The neat bonus is, you can interleave it with structured code, any
non-critical variables can be automatically assigned by the compiler as
usual... and if the compiler feels comfortable to reorder the code, it can
do so.


June 20, 2012
On 20 June 2012 09:32, Tobias Pankrath <tobias@pankrath.net> wrote:
>> Inline assembly has been relatively useless in GCC for years. Inline asm
>> interferes with the optimisers ability to do a good job, which basically
>> makes use of inline assembly self-defeating.
>> The only time I ever need to use inline-asm is to interface an arch
>> feature
>> that has no API. As long as there are intrinsics for all the opcodes one
>> might want, then it's better to use them.
>
>
>> That said, as stated above, if use of this stuff is for performance, then using an inline-asm block will ruin the surrounding code anyway,
>
>
> Could someone explain to me, why inline asm screws up the optimizer? My naive view on the matter is, that the optimizer has full knowledge of what is going on regardless of whether intrinsics or asm is used. I could also think of an optimizer that optimizes inline asm, too. For example by reassigning registers etc.
>
>

Actually, the compiler has little knowledge of what the assembly does at all, other than the input/output constraints, and what gets registers get clobbered.  Which is enough for the compiler to know how to avoid stepping on your toes when trying to work around it.


-- 
Iain Buclaw

*(p < e ? p++ : p) = (c & 0x0f) + '0';
June 20, 2012
On 20 June 2012 03:58, Walter Bright <newshound2@digitalmars.com> wrote:

>    Do a grep for "asm" across the druntime library sources. Can you
>> justify all
>>    of that with some other scheme?
>>
>>
>> I think almost all the blocks I just browsed through could be easily
>> written
>> with nothing more than the register alias feature I suggested, and
>> perhaps a
>> couple of opcode intrinsics.
>>
>
> But I see nothing gained by that.


The gain is that by not using IA, the compiler could much better optimise and inline your code.
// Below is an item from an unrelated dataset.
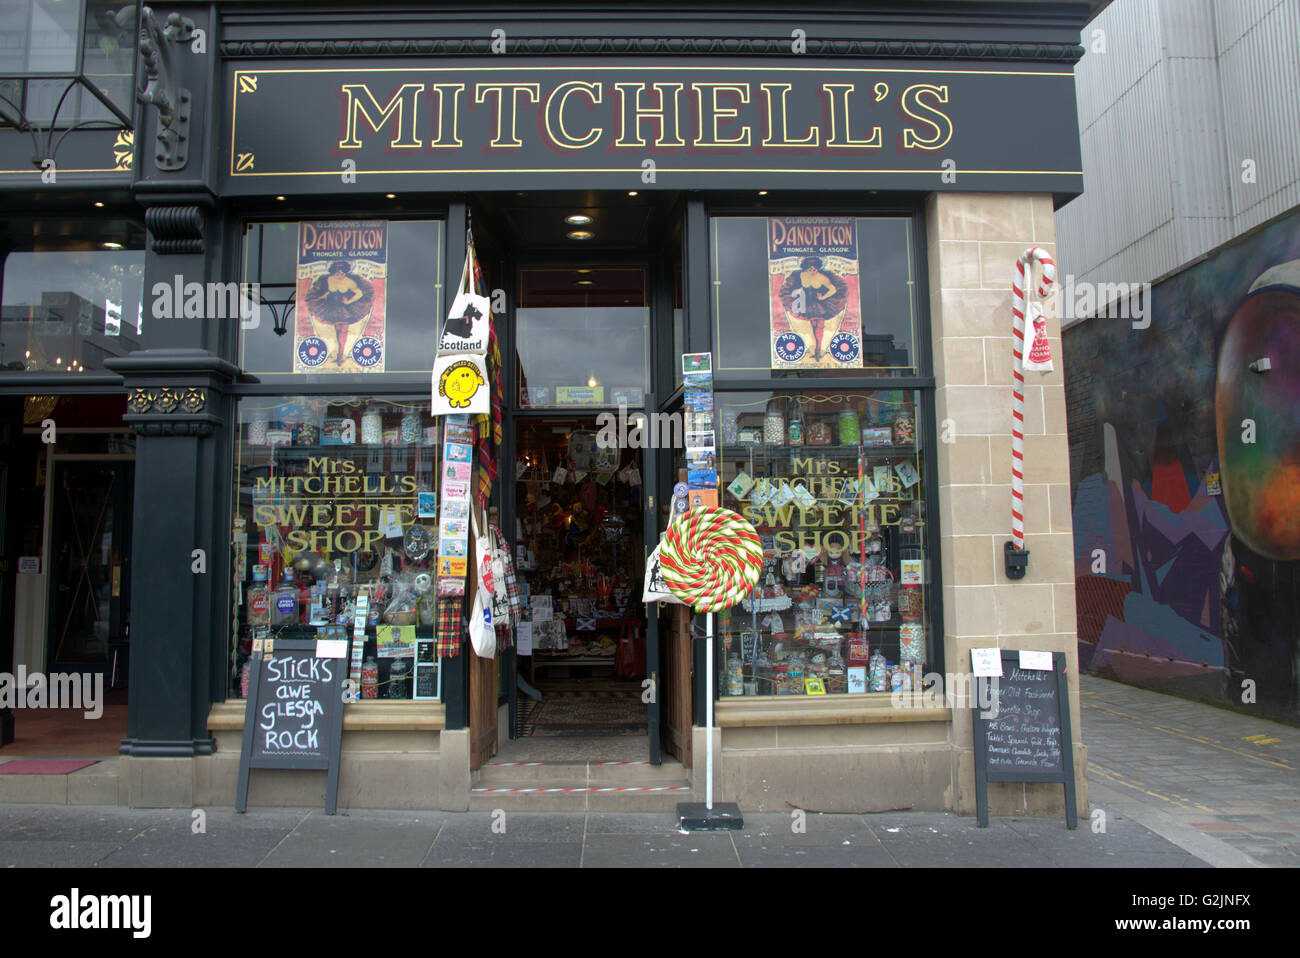 Mitchell's Sweet shop, Glasgow. New Wynd lane Stock Photo

Your code is likely more readable by more people. Also, since Iain is proposing removing the inline assembler from GDC, it's clearly hard to maintain across different compilers. A higher level language defined construct may be simpler...


And as a bonus, they would also be readable.
>>
>
> I don't agree. The point of IA to me is so I can specify exactly what I want. If I wanted to do it at a higher level, I'd use normal D syntax.


In many cases, you need to write a big block of asm to do one single operation that's not expressible at the higher level... and in my experience, most of the time, that operation is addressing a register directly; most commonly, dealing with the stack pointer, or argument registers direcetly.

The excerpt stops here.